Rich Shapero (born 1948) is an American venture capitalist, self-published novelist, and musician. He is the founder of TooFar Media and the recipient of the 2015 Digital Book World Award for Best Adult Fiction App.

Biography 
Shapero grew up in Los Angeles and attended UC Berkeley where he graduated in 1970 with a degree in English literature. Prior to founding TooFar Media, he was a partner at the venture capital firm Crosspoint and a board member at AristaSoft and New Edge Networks. He lives with his wife and daughters in the Santa Cruz Mountains.

TooFar Media 
Rich Shapero founded TooFar Media in the mid 2000s to produce and distribute his multimedia stories and future works. He collaborates with a team of artists to create his projects, and TooFar Media publishes and distributes them across the United States, the United Kingdom, and Australia.

TooFar Media App

After the founding of TooFar Media, an app was released combining Shapero’s novels with the visual art and accompanying music normally provided on CDs. The stories included in the app are described by TooFar Media as “immersive story experiences" and the TheApp Times says the app “captures the imagination through experiential immersion." The TooFar Media App includes Shapero’s novels and corresponding audio tracks.

Distribution

Shapero’s novels are almost always distributed for free, with the majority being handed out on college campuses. In addition to free distribution the author has coordinated guerilla-style events to promote his works including public dance and improv ensembles, book clubs, and participation in book and arts festivals.

Novels 
Shapero has been self-publishing since 2004, starting with Wild Animus (2004), Too Far (2010), The Hope We Seek (2014), Arms from the Sea (2016), Rin, Tongue and Dorner (2018) and Balcony of Fog (2020).

Wild Animus

Wild Animus was published in 2004. From the author’s website: “Wild Animus tracks the reckless quest of Ransom Altman, a young Berkeley graduate who—roused by his literary heroes and love for his girlfriend, Lindy—resolves to live in a new world of ‘inexhaustible desire.’” The initial idea came to him during his time at Berkeley in the late 60’s and deals with the primal nature of man in pursuit of true self in the Alaskan wilderness.
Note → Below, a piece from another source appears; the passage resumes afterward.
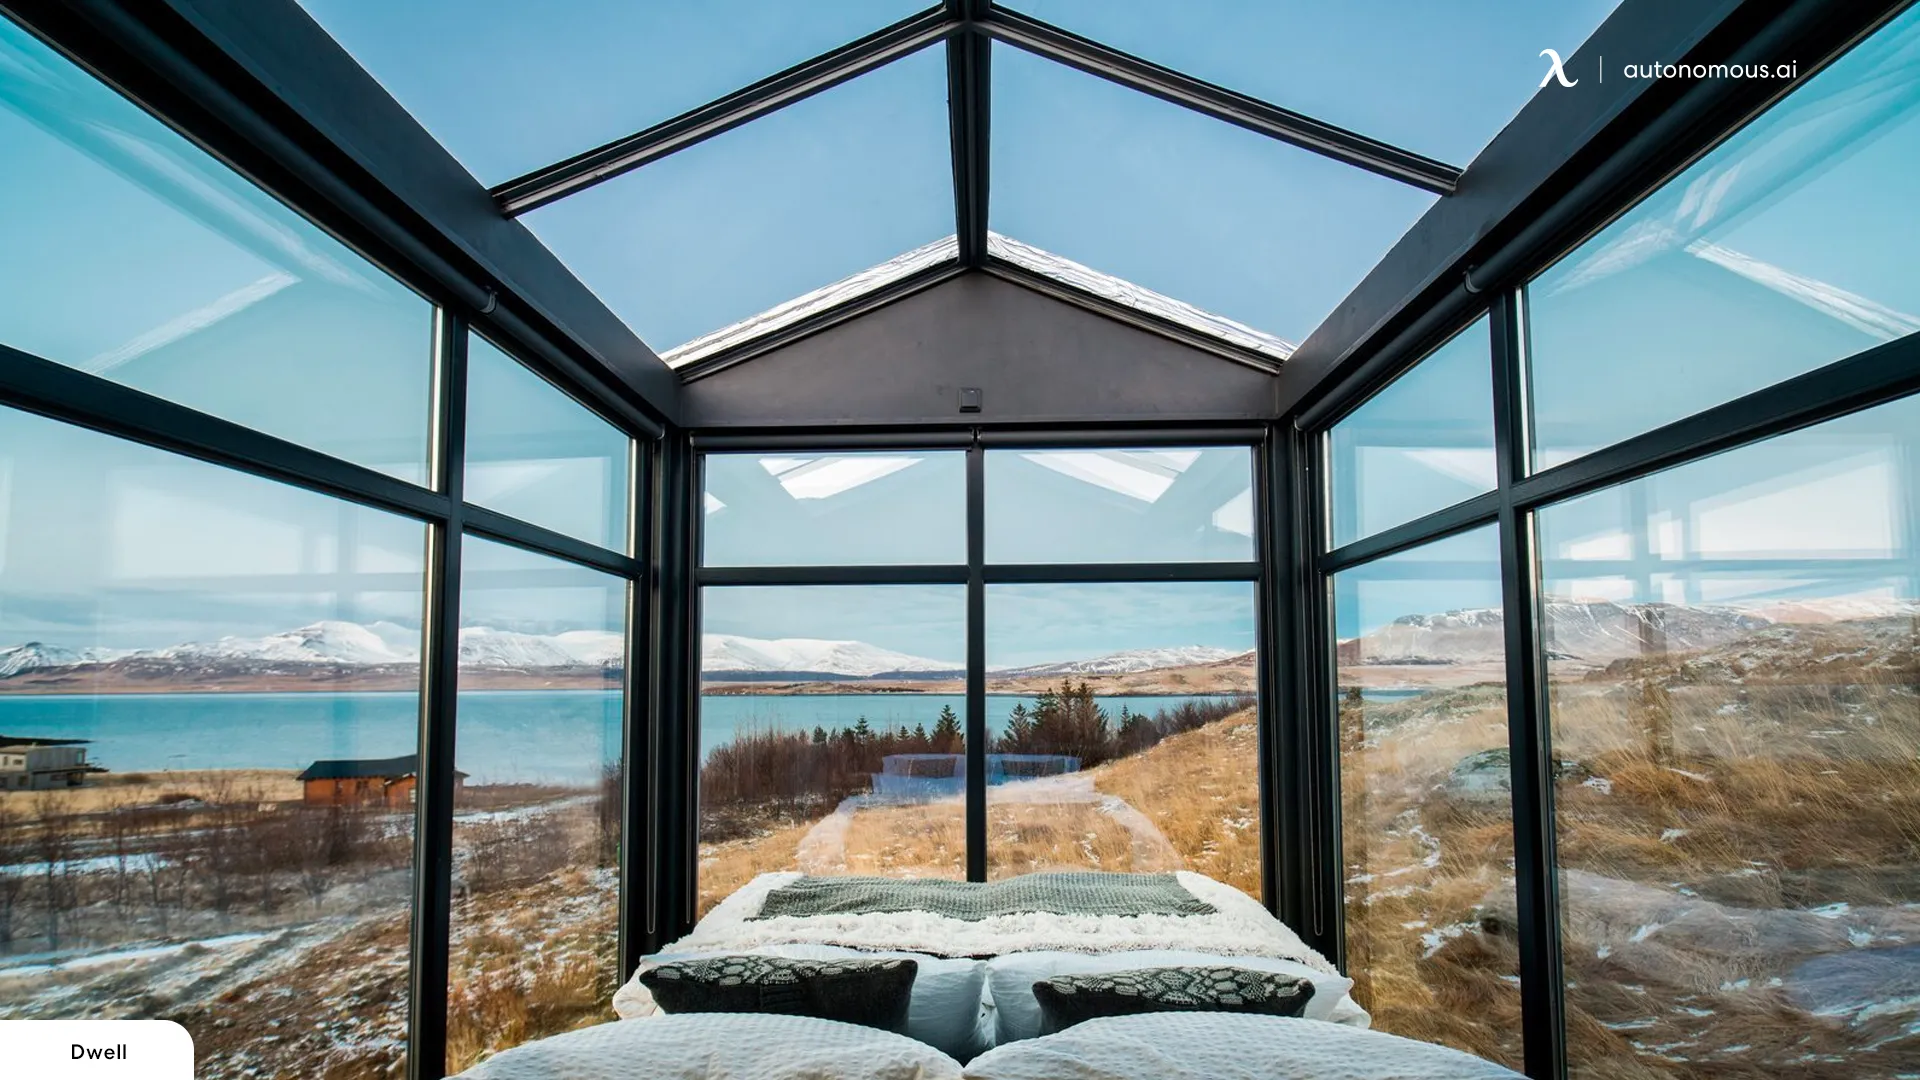 Install a Glass Ceiling - Tiny house ceiling ideas

The novel was released under the imprint Outside Reading  with three accompanying CDs, The Ram, The Wolves, and Animus, featuring musicians including Jim Keltner, James "Hutch" Hutchinson, Charles Bissell, Marc Ribot, and Iva Bittová, with art by François Burland and Adde Russell.
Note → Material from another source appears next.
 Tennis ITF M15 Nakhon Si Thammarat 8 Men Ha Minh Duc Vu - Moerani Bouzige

Reception was mixed, with Publishers Weekly praising Shapero’s “vivid imagery,” while others have called it “bizarre.” It was promoted with a 13-city book tour across America and an advance printing of 50,000 copies.

Too Far

Too Far is Shapero’s second novel, published in 2010. It tells the story of Robbie and Fristeen, two six-year-old children who explore the forest outside their home during a tumultuous time in their families. The story was partially inspired by his young daughter’s interest in the fantasy genre, and Shapero incorporated her ideas on character development into the final draft. Shapero’s daughter also created the title font for the cover and some interior graphics.
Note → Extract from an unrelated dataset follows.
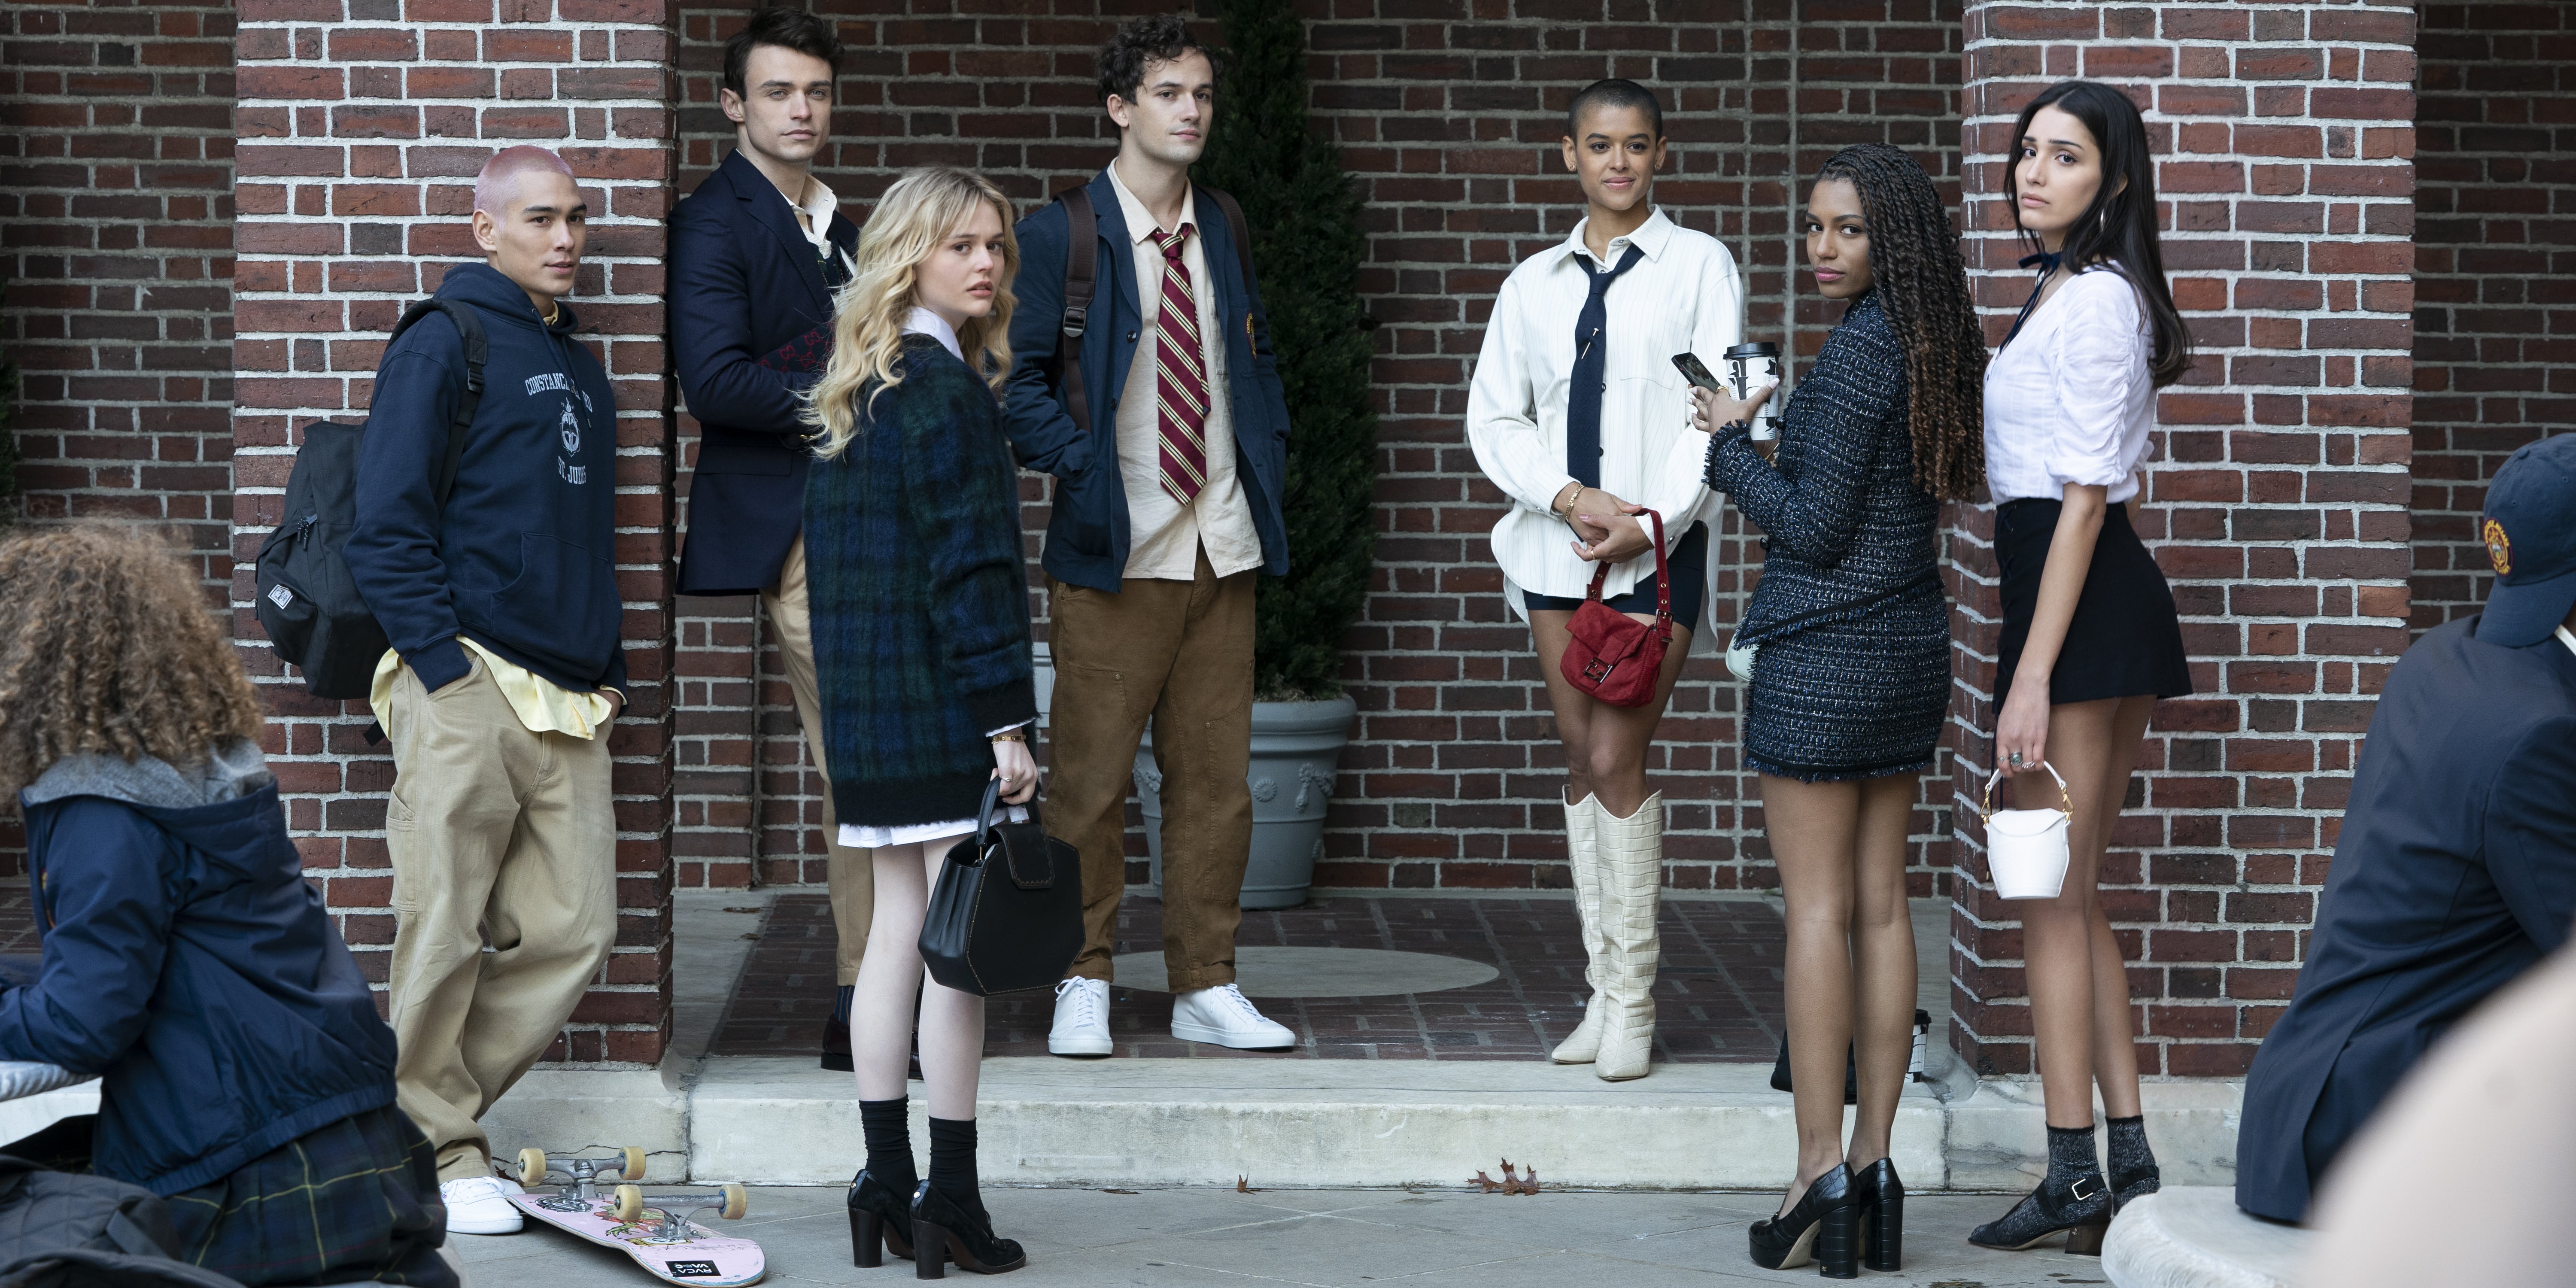 Gossip Girl Reboot: Meet The New Cast & Characters - Hype MY

The CD component, Dawn Remembers, features musicians including Maria Taylor (Azure Ray), Andy LeMaster (Bright Eyes), Joe Gore (PJ Harvey, Tom Waits), Marc Ribot (Tom Waits), Eric Drew Feldman (Captain Beefheart/PJ Harvey). The art was by Eugene Von Bruenchenhein. Though Von Bruenchenhein passed in 1983, Shapero collects his paintings and displays them in an online gallery. He used works from his estate to complete Too Far and other novels, saying the paintings “... seemed to carry with them a complex history, as if they were glimpses of a world distant from our own.” 

The Hope We Seek

The Hope We Seek was released in 2014 and follows the story of “Zachary Knox, a sharpshooter known as ‘the Bull's-Eye Telepath,’ [as he] heads north in search of gold. On his way he meets Sephy, a magnetic woman on the trail of her lost brother. But on arrival, they find the mining camp is home to a cult.” The novel deals with “the extremes to which we go to find meaning in our lives.”

The accompanying music for the novel was released on the album Songs from the Big Wheel on the label Outside Reading. The songs are performed by Marissa Nadler and accompanied by Marc Ribot, Robert Powell, Andy LeMaster, Joe Gore and Son of Dave with Shapero on acoustic guitar and mandola. The art for The Hope We Seek was created by Donald Pass. The app version of The Hope We Seek won the 2015 Digital Book World Award for Best Adult Fiction App.

Arms from the Sea

Arms from the Sea is the story of “Lyle [...] a young man who hates his life in the State of Salt, a cultural and literal desert. He vandalizes a State icon, then swallows a poison pill that transports him not to death, but to a liminal realm—blue, aquatic, and wholly alien”. The novel deals with themes of creativity and change through the metaphor of the Polyp, a god-like entity. The novel was described as “a tangible encounter with the creative spirit.” by Moses Hacmon.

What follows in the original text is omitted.